One example of the Health Law Committee being involved in legislative change was in its submissions on the Human Tissue Act 2008, which reformed the 1964 Act. The legislation concerns the regulation of human tissue from dead bodies.
"I appeared before the Health Select Committee for the Law Society. Prior to the government bill, there was a petition to Parliament, along with a member's bill, calling for an opt-in organ donor register.
"Although the organ register didn't eventuate, there was intense debate around it. The Law Society submitted on both bills, culminating in appearing before the select committee."
That would be one highlight of her time as committee convenor, she says, "because we were there from the beginning to the end of the law reform process and we followed that legislation over a couple of years.

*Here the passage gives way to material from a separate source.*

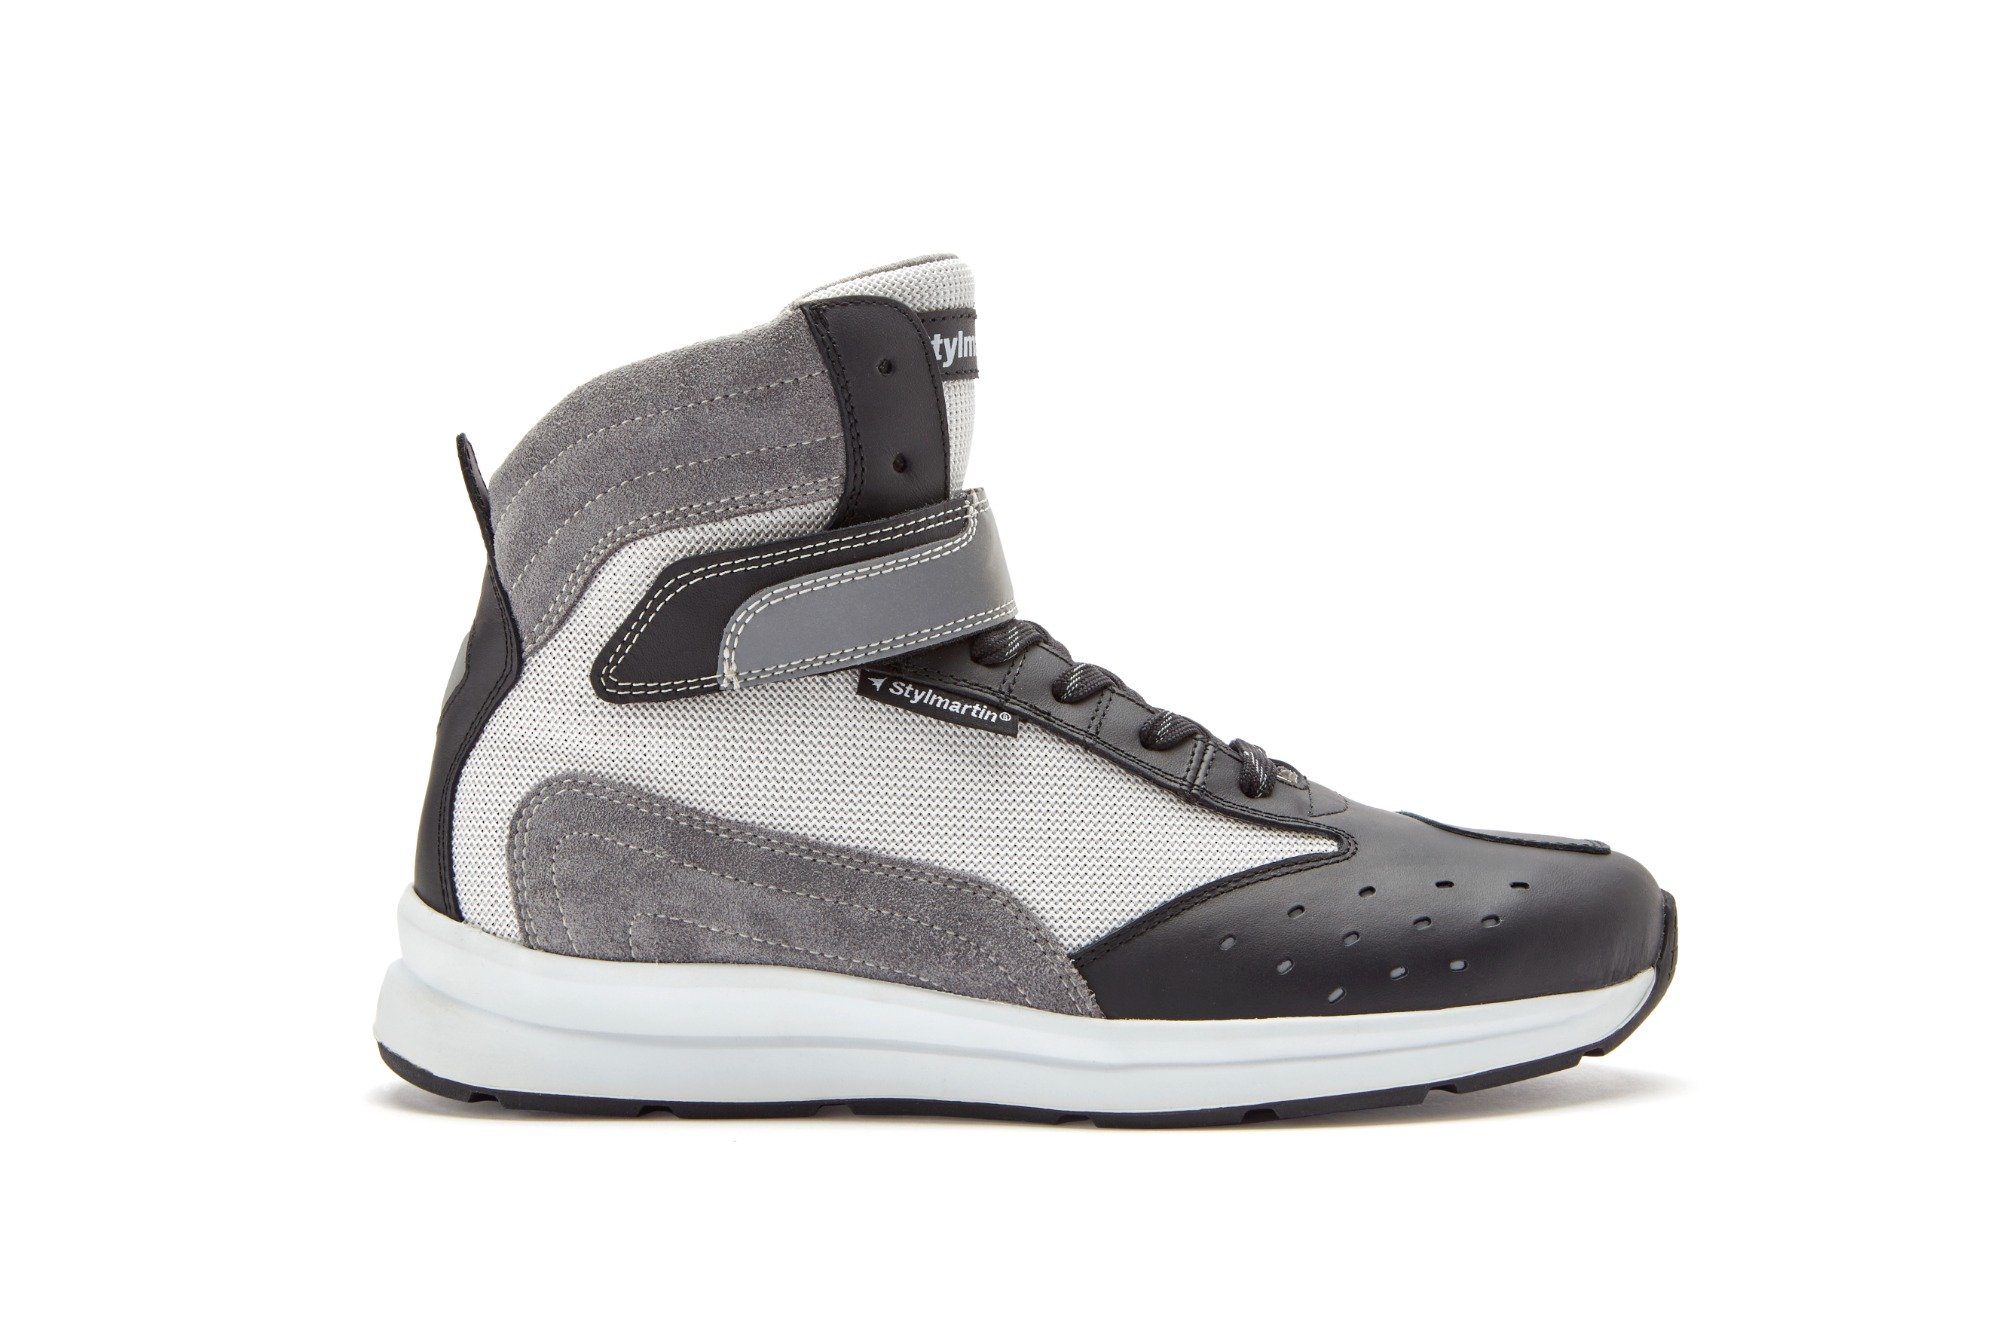 Image of Stylmartin Audax Air Black Anthracite White Size 39 ID 1000001309316

"For me, there are two very important areas in recent times where the Law Society has strongly maintained its independent voice.
"The first area was the changes to research ethics committees in 2012. The government watered down the rules and restructured ethics committees regarding whose role it is to protect participants in health and disability research.

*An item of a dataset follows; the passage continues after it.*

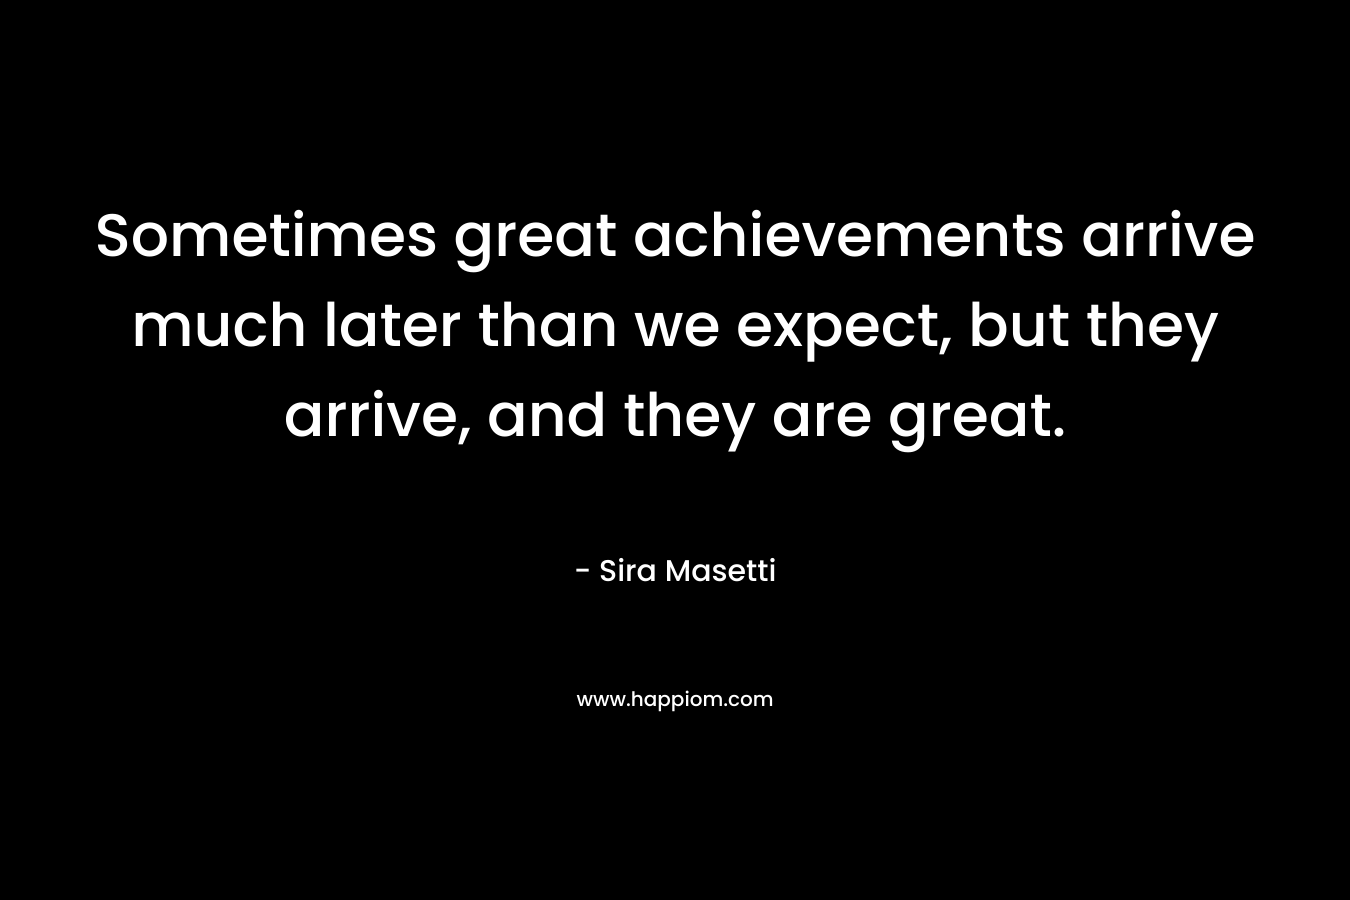 Sometimes great achievements arrive much later than we expect, but they arrive, and they are great.

"For me, the government was forgetting our roots and the standards we had for research gained since the Cartwright Inquiry." Headed by Dame Silvia Cartwright and held in 1987 and 1988, this was a Commission of Inquiry into the research on and treatment of women with cervical cancer at National Women's Hospital.
"The Health Law Committee collaborated with the Human Rights and Privacy Committee and pointed out that the changes to the ethics committees weren't compliant with international instruments for the protection of human participation in research," Ms Douglass says.
"The fallout from the changes is ongoing, and we're recommending that there be an overarching legal framework for ethics committees.
"The other issue is the review of the Health and Disability Commissioner's Code of Rights. The Law Society is on the record as making informed submissions around these very important areas of patients' rights," she says.
Good for lawyers
"Working on the law reform committees is good for lawyers. It makes you stand back from the focus of practice and look at the big picture.
"Some of the areas in health law involve ethical issues which by their nature may be controversial, with no one right answer. The Law Society has to make a submission that can potentially represent diverse views," Ms Douglass says.
As an example, Ms Douglass recalls her early days on the committee when Mr Mathieson was the convenor, and the committee debated euthanasia around the time of the Death with Dignity Bill.
"Watch this space. Fifteen years on and that's around the corner, isn't it?"
In her time as committee convenor "I think there have been a number of bills where the legislation has changed as a result of Law Society submissions. There have been disappointments too, where a large amount of work has been put in by the committee with only minor changes."
One of the big changes she has witnessed was that the Law Society's Law Reform Committee "really upped its game under the watch of Paul Rishworth QC and the Law Society Law Reform staff.
"Now there are some quite robust procedures because there is peer review of any submission that is prepared and that's good.
"It is important, too, that the committees collaborate, as perspectives vary depending on which lens of the law you are looking through.
"Generally, the law reform process and the rigour that the Law Society now applies means that the Law Society, I think, is influential and that has resulted in the betterment of New Zealand law."